Quality of Service in Distributed Systems

Delivering quality of service (QOS) guarantees in distributed systems is fundamentally an end-to-end issue, that is, from application-to-application. Consider, for example, the remote access and distribution of audio and video content from a web server: in the distributed system platform, quality of service assurances should apply to the complete flow of information from the remote server across the network to the point of delivery and playout. Generally, this requires end-to-end admission testing and resource reservation in the first instance, followed by careful co-ordination of disk and thread scheduling and flow control in the end-systems, packet/cell scheduling and congestion control in the network and, finally, active end-to-end monitoring and maintenance of the delivered quality of service. This is a complex and challenging area of research where delivering end-to-end quality of service guarantees in distributed systems is still proving very problematic.

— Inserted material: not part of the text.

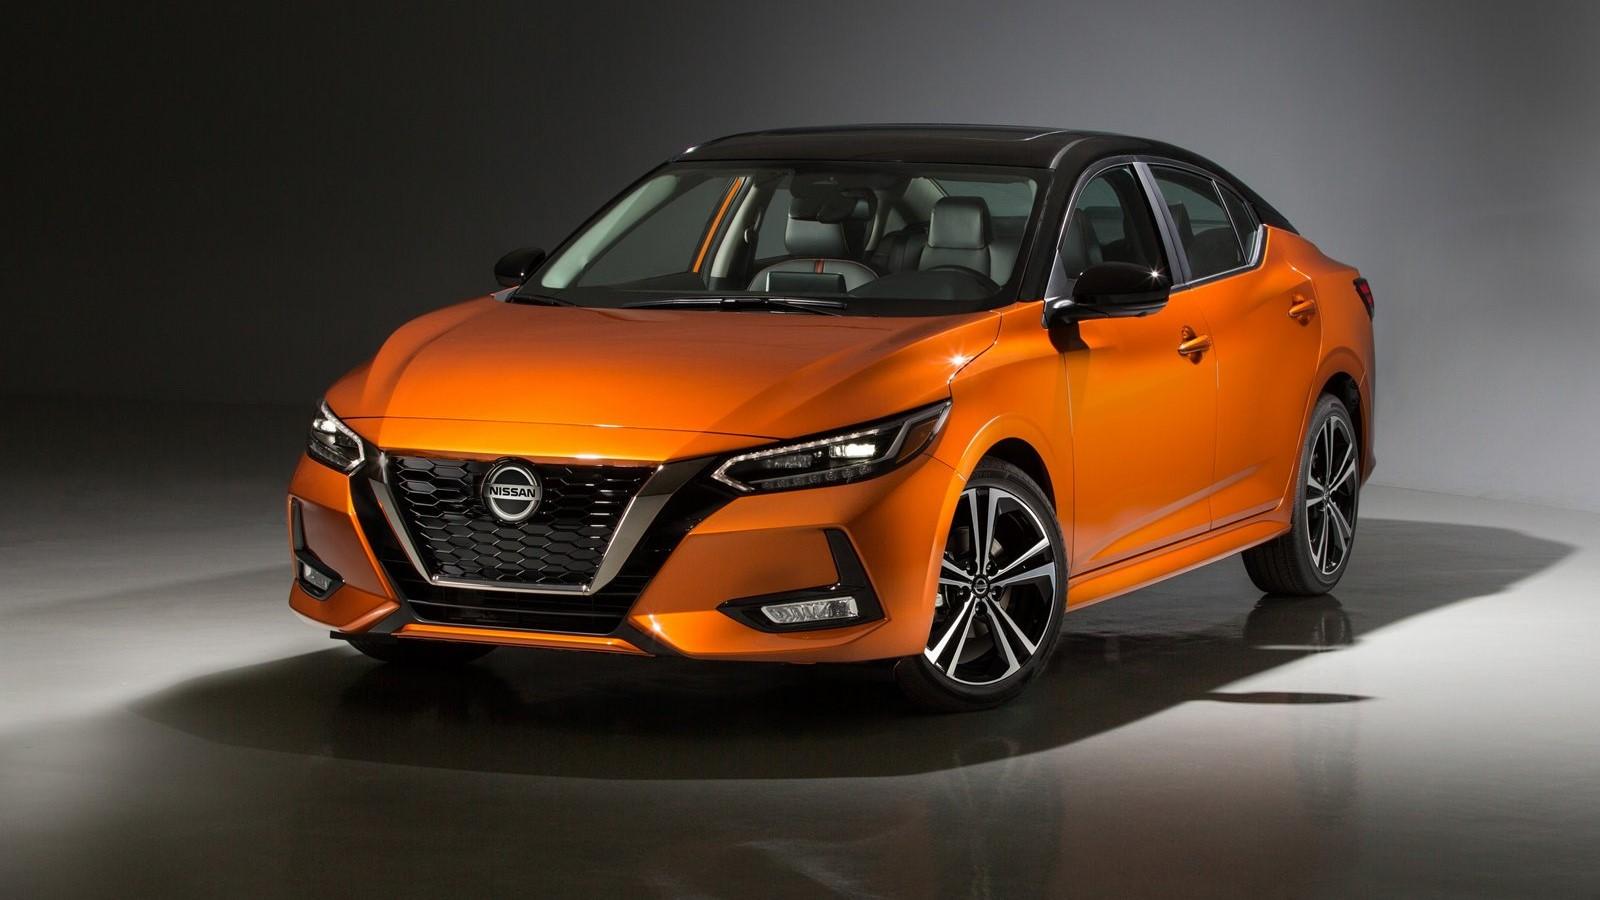 El Nissan Sentra 2020 sufrió una renovación importante en materia estética y mecánica

To date, most of the developments in the area of quality of service support have occurred in the context of individual research areas. There has been considerable progress in the separate areas of distributed object computing, operating systems, transport systems and multimedia networking. In end-systems, most of the progress has been made in the areas of scheduling, multimedia synchronization and transport support. In networks, research has focused on providing suitable traffic models and service disciplines as well as appropriate admission control and resource reservation protocols. Some progress has also been made toward the definition of QOS architectures that span the end-system and network.

Many of the advances made in our understanding of how to build QOS controls into distributed systems have come from the networking community. About a decade ago researchers realized that the combination of faster processors, fiber optic links, and packet-switching enables the development and deployment of a single infrastructure that combines the capabilities of the telephone network, traditional data networks, and the radio and television broadcast networks. This early vision of an integrated services network led to the design of ATM networks, and, in parallel, the integration of voice and video transmission capabilities into the Internet. While full-scale deployment of integrated services networks is far from being realized, it seems clear that this vision will continue to play a leading role in network design and usage in years to come.

At the heart of an integrated services network is the need to provide diverse applications with their desired qualities of service. We can solve this problem with one of three approaches. First, we can overbuild capacity, so that even the most stringent application meets its requirements. This is unlikely to be cost-efficient. Second, we can require all applications to adapt to the current network-state. This is impractical for a wide class of applications, such as those that depend on guarantees of delay and bandwidth to carry audio or video traffic. Thus, the diversity of requirements posed by networked applications are likely to be efficiently satisfied only by the third alternative, that is, by tailoring network service to the characteristics of the application. This alternative requires the application to specify its service requirement, the network to limit the number of simultaneous streams - so that individual service requests are met - and the network to police traffic streams so that no user oversteps its stated usage limits. These policy requirements must be implemented by appropriate scheduling, policing, signaling and re-negotiation mechanisms. Experience has shown that, with a judicious choice of mechanisms and policies, it is possible to build networks that do provide per-application end-to-end quality of service. However, moving solutions from small-scale testbeds to the field requires solving a number of significant problems.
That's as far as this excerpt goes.